▸ How to complete this task
No pictures go into the copy. Write out every line below exactly.

▸ Data segment

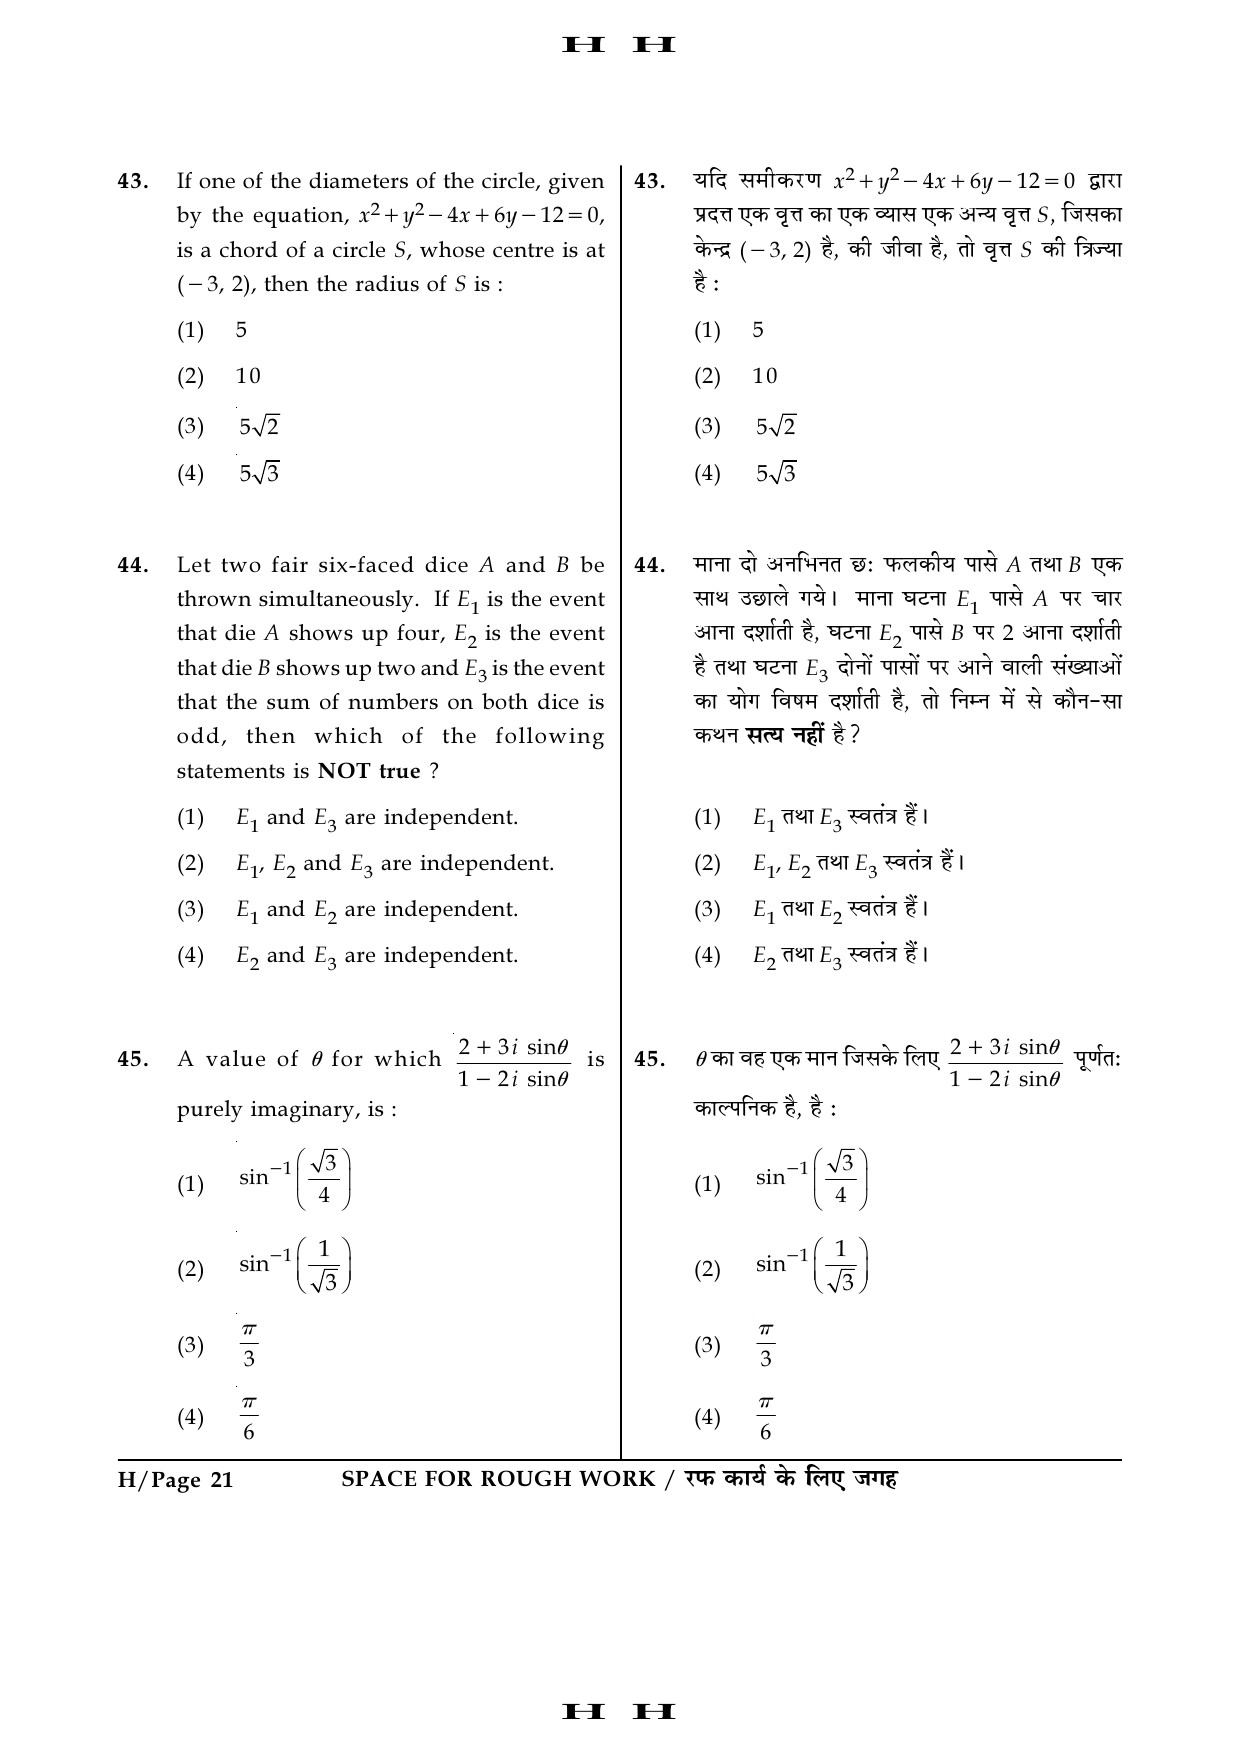 JEE Main Exam Question Paper 2016 Booklet H 21
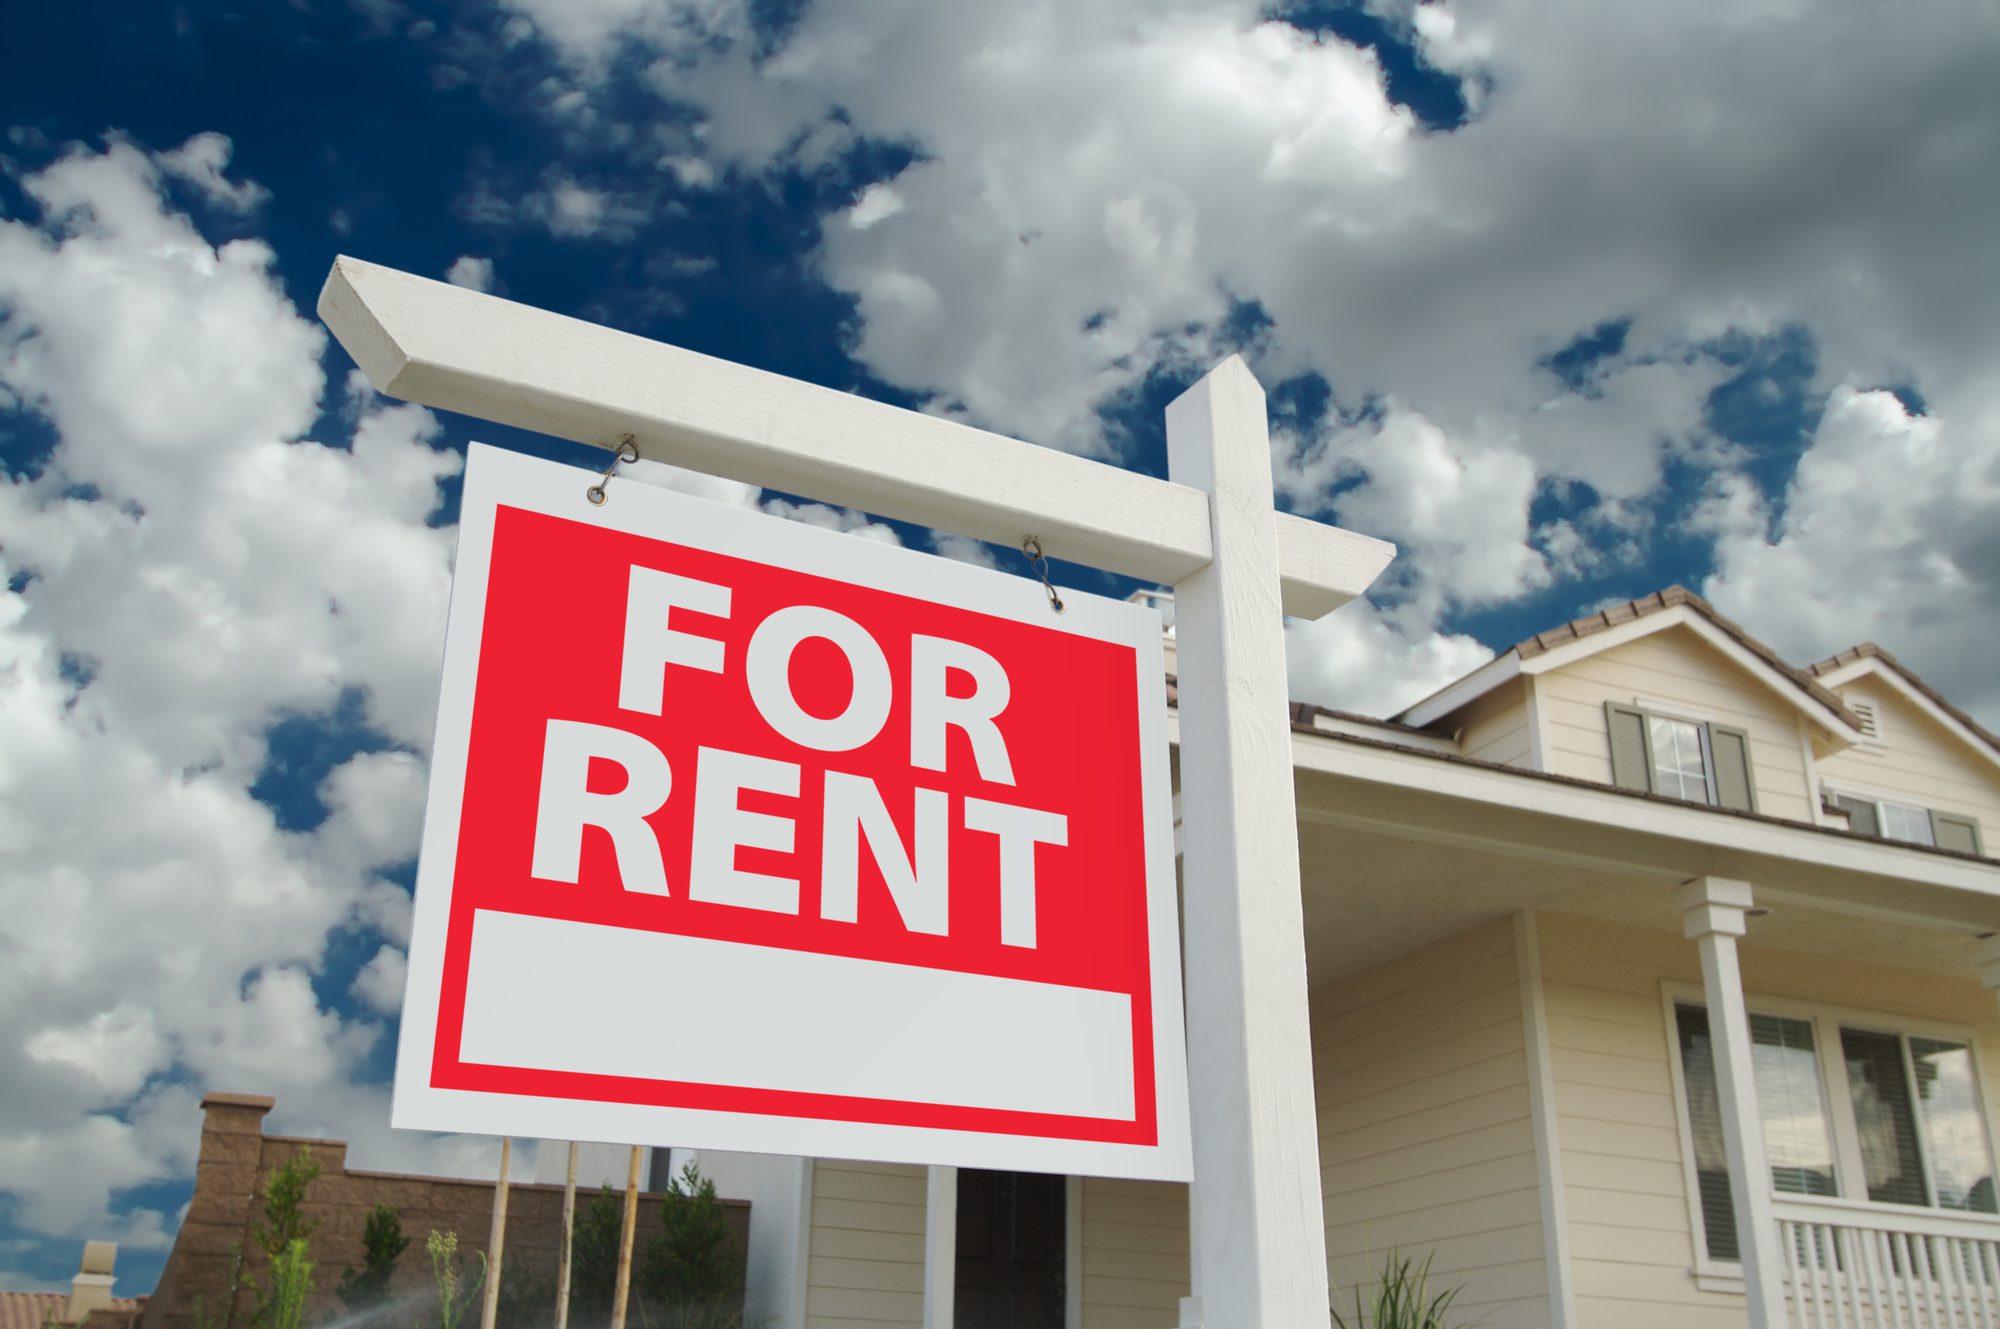 Homes for Rent in Charlotte, NC: What to Ask Before You Rent
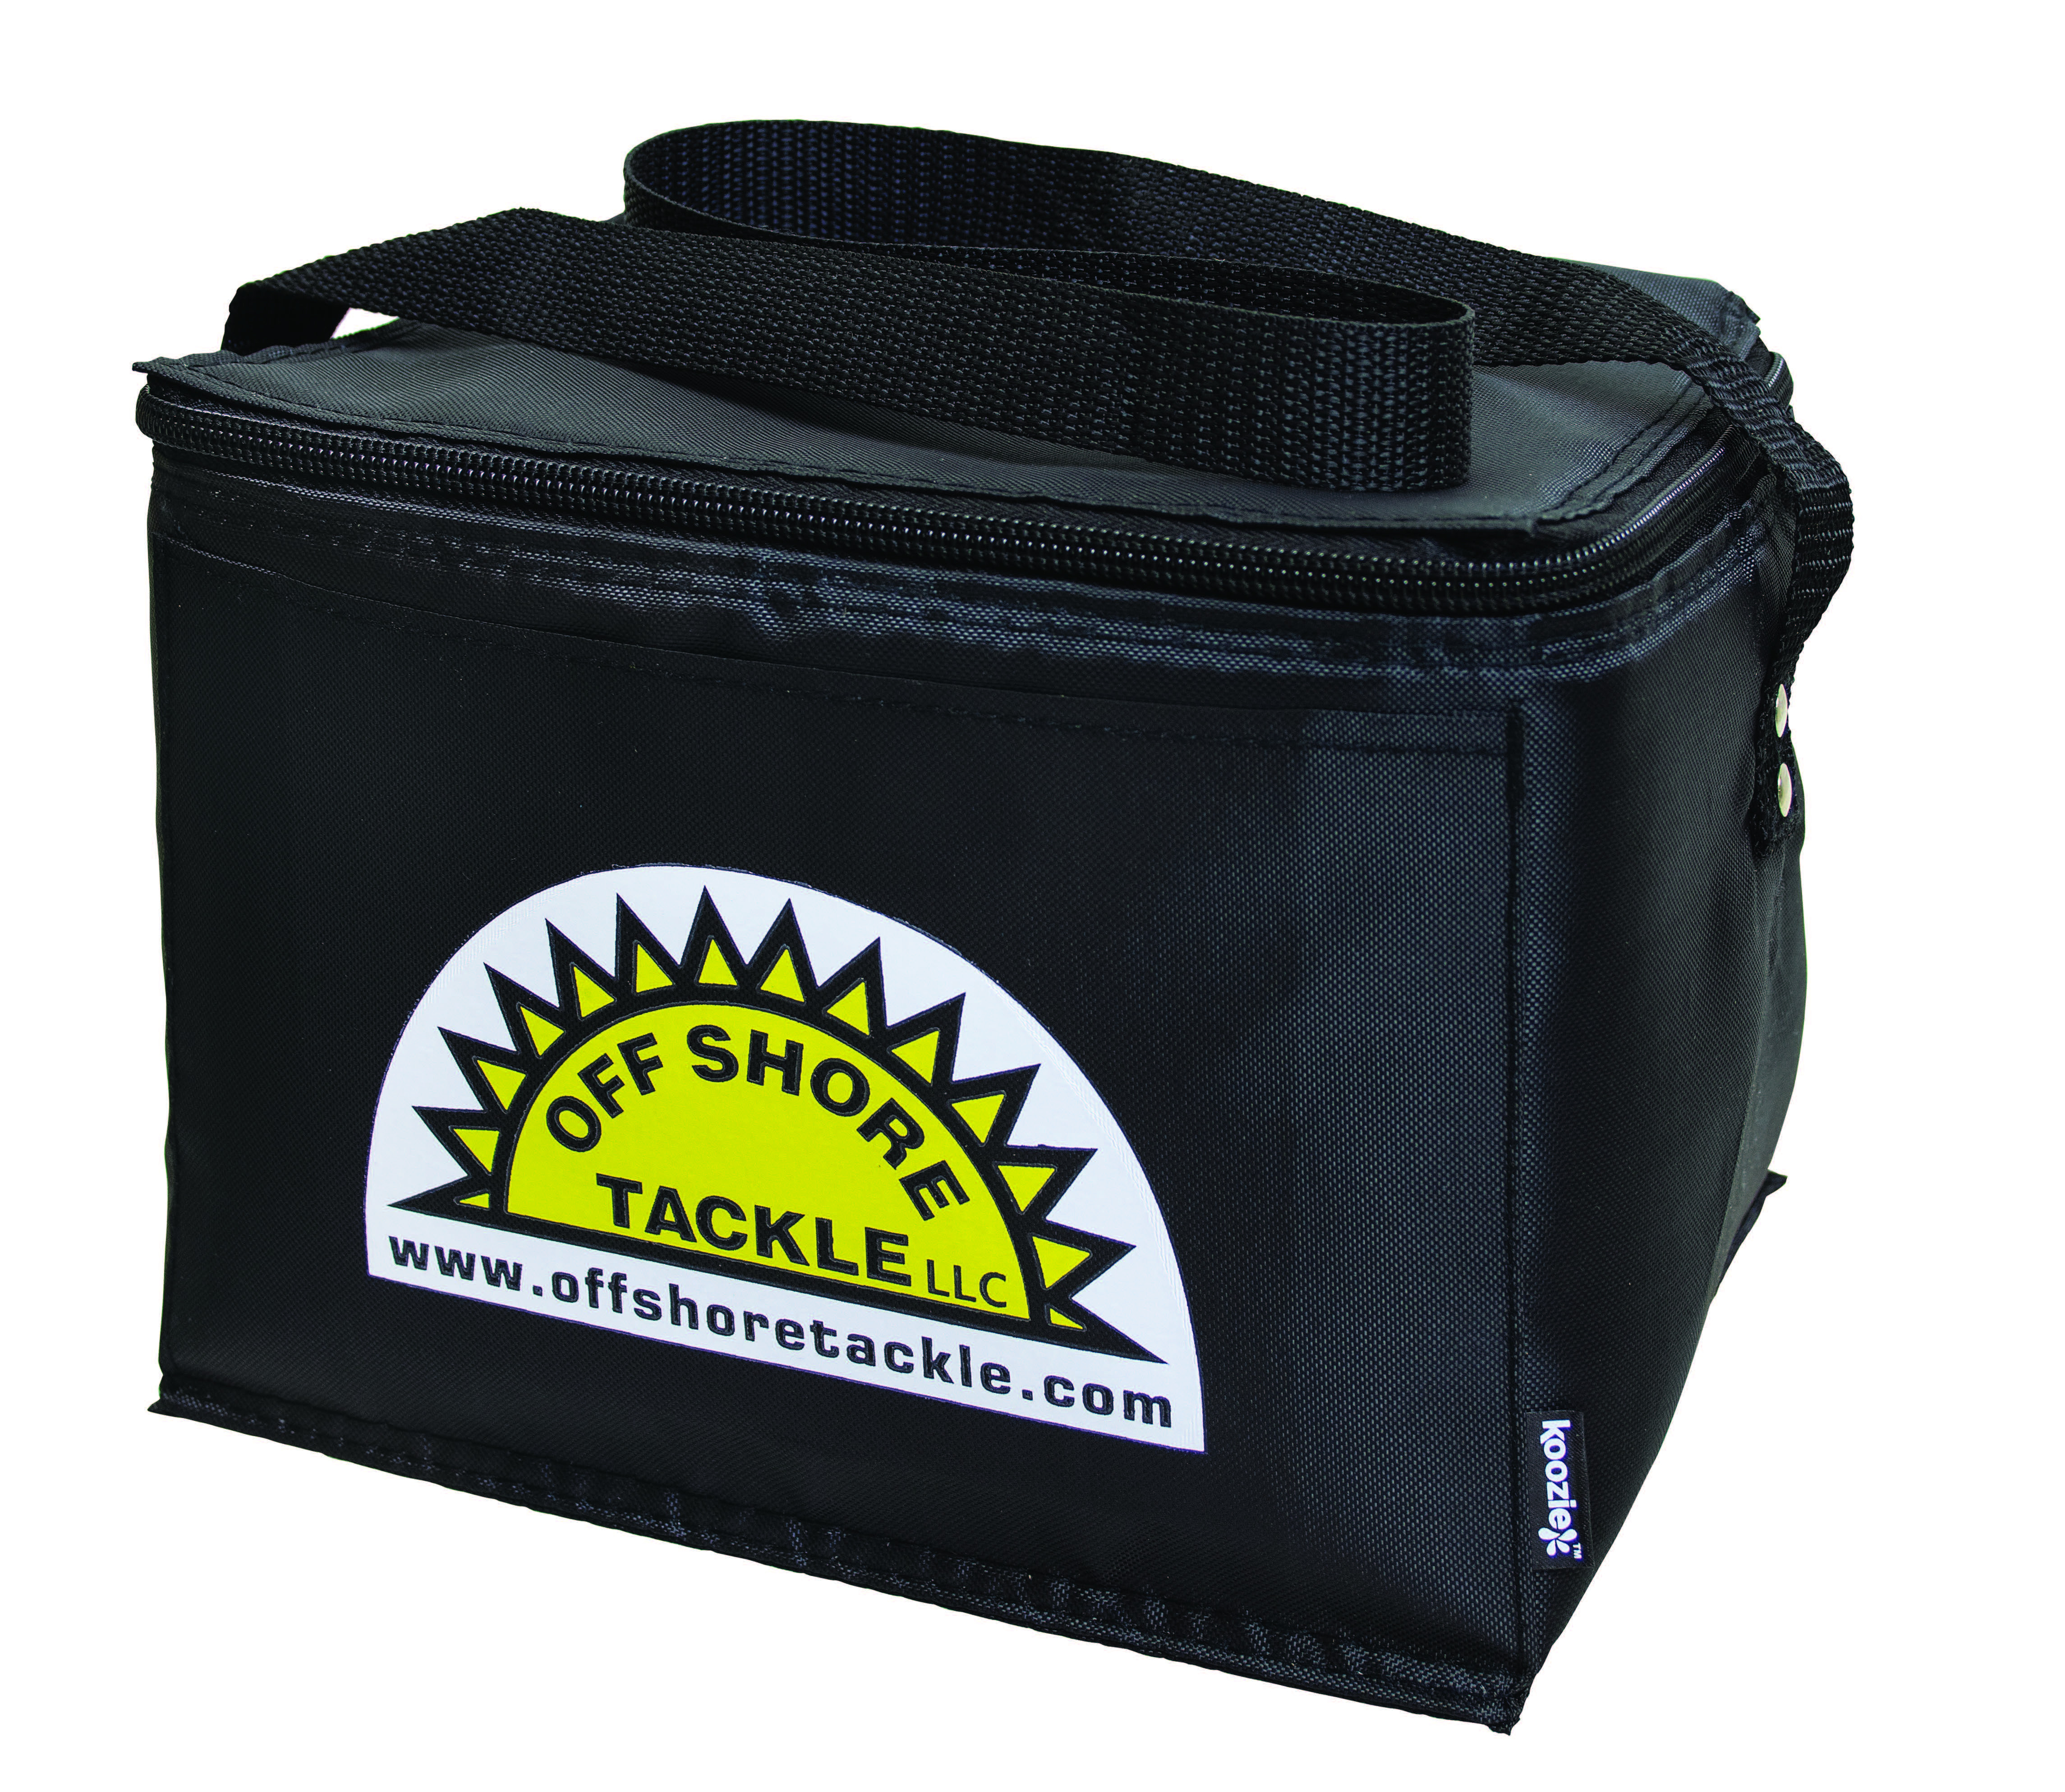 Off Shore Tackle Black Soft 6 Pack Cooler With Front Pocket And Colored  Silkscreen Logo - CLR

▸ Output below
 JEE Main Exam Question Paper 2016 Booklet H 21
 Homes for Rent in Charlotte, NC: What to Ask Before You Rent
 Off Shore Tackle Black Soft 6 Pack Cooler With Front Pocket And Colored  Silkscreen Logo - CLR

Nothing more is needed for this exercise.